** Records shown follows **

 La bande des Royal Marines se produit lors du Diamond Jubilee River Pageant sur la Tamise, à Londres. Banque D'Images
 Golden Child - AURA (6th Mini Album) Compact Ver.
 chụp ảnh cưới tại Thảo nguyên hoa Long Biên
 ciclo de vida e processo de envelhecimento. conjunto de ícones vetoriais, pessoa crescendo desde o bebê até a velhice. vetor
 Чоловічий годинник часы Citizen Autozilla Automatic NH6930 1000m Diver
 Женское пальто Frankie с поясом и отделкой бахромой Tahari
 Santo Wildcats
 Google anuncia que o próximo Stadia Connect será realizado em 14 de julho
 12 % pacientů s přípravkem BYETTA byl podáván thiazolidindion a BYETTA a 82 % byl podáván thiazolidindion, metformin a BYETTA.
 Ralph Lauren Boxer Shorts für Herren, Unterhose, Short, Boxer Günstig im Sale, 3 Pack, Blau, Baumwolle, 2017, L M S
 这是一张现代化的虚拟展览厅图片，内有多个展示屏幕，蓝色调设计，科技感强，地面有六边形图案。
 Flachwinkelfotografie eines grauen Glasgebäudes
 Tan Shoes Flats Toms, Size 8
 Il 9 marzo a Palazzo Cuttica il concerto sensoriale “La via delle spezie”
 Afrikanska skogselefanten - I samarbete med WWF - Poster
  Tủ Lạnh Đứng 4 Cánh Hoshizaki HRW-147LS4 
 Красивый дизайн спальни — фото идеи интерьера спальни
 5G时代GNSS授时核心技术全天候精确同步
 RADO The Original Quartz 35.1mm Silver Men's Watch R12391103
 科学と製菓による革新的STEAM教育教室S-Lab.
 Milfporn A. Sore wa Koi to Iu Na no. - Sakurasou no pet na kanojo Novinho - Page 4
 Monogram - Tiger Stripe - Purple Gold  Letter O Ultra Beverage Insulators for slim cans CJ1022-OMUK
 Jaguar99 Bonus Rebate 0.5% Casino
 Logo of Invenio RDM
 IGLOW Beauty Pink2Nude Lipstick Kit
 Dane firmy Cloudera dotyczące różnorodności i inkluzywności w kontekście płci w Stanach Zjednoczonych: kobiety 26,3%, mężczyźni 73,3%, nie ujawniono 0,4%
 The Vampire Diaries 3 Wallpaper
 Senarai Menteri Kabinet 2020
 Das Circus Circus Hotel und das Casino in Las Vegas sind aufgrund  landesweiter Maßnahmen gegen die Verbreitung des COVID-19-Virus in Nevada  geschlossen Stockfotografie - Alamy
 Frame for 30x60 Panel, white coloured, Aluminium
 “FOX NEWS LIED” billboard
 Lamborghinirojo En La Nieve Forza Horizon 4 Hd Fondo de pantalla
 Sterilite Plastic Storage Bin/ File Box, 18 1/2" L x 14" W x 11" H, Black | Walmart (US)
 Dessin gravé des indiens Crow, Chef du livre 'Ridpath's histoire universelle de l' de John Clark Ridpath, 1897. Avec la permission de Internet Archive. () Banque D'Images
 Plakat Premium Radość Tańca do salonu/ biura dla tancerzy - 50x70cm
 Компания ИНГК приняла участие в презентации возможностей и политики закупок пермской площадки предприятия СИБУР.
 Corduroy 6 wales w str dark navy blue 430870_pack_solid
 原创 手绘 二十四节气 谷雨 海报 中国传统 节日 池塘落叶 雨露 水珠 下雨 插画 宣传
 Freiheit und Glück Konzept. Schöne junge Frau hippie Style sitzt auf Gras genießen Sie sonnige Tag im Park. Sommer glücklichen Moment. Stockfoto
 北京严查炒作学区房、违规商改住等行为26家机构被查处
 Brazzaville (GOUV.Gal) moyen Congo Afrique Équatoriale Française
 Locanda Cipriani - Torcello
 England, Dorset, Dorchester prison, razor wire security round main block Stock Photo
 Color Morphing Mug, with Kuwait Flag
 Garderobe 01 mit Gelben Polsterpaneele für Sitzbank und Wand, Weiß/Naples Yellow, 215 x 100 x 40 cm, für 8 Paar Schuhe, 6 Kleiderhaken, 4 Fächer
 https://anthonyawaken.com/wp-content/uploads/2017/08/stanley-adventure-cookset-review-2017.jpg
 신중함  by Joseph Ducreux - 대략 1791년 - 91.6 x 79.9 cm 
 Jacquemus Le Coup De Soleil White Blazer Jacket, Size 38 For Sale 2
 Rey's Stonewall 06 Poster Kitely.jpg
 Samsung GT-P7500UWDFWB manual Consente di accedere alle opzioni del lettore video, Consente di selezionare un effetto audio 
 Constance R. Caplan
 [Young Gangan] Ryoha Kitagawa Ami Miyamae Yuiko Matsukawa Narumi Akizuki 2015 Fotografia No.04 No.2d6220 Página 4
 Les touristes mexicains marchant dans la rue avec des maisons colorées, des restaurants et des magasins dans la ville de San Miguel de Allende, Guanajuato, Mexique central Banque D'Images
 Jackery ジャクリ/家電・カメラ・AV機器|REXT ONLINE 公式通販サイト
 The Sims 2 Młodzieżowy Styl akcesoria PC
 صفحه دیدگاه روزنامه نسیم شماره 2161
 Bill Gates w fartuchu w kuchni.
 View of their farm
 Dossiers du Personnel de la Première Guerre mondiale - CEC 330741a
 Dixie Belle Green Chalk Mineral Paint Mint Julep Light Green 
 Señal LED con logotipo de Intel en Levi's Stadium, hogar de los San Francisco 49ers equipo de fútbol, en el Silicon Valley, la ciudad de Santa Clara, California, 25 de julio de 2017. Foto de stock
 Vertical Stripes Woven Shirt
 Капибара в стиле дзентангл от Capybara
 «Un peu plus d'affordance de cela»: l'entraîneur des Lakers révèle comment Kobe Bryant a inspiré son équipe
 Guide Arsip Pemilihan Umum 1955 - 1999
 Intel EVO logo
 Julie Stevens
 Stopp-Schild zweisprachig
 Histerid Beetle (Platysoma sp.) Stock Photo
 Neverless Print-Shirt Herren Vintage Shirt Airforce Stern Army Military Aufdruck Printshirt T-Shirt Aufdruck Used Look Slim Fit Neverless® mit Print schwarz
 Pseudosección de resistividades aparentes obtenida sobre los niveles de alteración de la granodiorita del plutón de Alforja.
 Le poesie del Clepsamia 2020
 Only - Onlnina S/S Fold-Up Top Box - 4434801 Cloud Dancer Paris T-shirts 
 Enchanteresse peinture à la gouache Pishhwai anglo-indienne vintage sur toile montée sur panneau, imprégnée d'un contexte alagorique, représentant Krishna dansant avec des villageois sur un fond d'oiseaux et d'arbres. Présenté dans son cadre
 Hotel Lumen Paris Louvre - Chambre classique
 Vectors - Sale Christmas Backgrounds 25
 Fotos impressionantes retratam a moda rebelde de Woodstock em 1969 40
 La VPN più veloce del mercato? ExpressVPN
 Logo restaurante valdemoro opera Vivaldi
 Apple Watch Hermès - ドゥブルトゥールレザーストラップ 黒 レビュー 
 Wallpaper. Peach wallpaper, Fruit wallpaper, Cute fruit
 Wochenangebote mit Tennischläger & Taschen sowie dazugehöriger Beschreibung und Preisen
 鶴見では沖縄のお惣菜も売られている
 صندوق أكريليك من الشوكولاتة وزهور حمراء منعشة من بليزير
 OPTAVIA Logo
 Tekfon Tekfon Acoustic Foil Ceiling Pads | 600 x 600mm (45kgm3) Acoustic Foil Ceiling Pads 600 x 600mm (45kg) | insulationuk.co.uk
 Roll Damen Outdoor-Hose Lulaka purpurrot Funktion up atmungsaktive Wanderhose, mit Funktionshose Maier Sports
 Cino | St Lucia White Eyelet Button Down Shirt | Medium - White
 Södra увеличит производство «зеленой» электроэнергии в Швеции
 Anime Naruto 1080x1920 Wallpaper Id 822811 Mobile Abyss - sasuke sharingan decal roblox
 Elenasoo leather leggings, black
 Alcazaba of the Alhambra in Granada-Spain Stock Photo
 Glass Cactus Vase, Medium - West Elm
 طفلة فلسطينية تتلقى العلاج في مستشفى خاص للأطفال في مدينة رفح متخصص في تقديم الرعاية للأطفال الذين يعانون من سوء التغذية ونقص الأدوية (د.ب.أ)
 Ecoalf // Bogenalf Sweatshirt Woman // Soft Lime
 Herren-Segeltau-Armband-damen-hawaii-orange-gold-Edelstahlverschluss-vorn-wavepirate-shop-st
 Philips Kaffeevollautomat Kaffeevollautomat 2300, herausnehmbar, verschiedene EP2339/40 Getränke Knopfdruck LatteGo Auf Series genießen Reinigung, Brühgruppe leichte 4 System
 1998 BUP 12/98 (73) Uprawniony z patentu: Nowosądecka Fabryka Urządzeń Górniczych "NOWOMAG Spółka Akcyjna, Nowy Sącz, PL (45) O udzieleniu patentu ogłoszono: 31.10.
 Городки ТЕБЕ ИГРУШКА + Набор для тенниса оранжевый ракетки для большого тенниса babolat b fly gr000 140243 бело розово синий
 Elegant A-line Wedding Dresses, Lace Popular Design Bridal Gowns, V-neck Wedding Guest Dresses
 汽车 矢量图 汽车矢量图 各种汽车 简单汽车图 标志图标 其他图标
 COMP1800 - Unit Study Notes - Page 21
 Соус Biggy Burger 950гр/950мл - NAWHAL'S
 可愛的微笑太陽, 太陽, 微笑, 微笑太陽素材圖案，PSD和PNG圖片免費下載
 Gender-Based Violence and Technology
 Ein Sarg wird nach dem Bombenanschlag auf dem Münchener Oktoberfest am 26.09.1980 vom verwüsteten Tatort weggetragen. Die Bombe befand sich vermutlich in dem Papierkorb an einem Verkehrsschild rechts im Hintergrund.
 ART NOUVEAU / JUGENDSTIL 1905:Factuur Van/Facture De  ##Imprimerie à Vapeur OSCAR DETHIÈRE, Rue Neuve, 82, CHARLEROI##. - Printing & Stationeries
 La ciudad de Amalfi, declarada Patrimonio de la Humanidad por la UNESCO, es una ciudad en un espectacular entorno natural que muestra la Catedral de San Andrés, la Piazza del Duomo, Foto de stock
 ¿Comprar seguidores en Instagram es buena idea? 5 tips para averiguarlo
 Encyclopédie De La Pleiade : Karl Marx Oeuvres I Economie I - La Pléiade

** End of Records shown **

**Goal of the exercise:** Report all lines above with "Watch".

**Exercise response:**
 RADO The Original Quartz 35.1mm Silver Men's Watch R12391103
 Apple Watch Hermès - ドゥブルトゥールレザーストラップ 黒 レビュー 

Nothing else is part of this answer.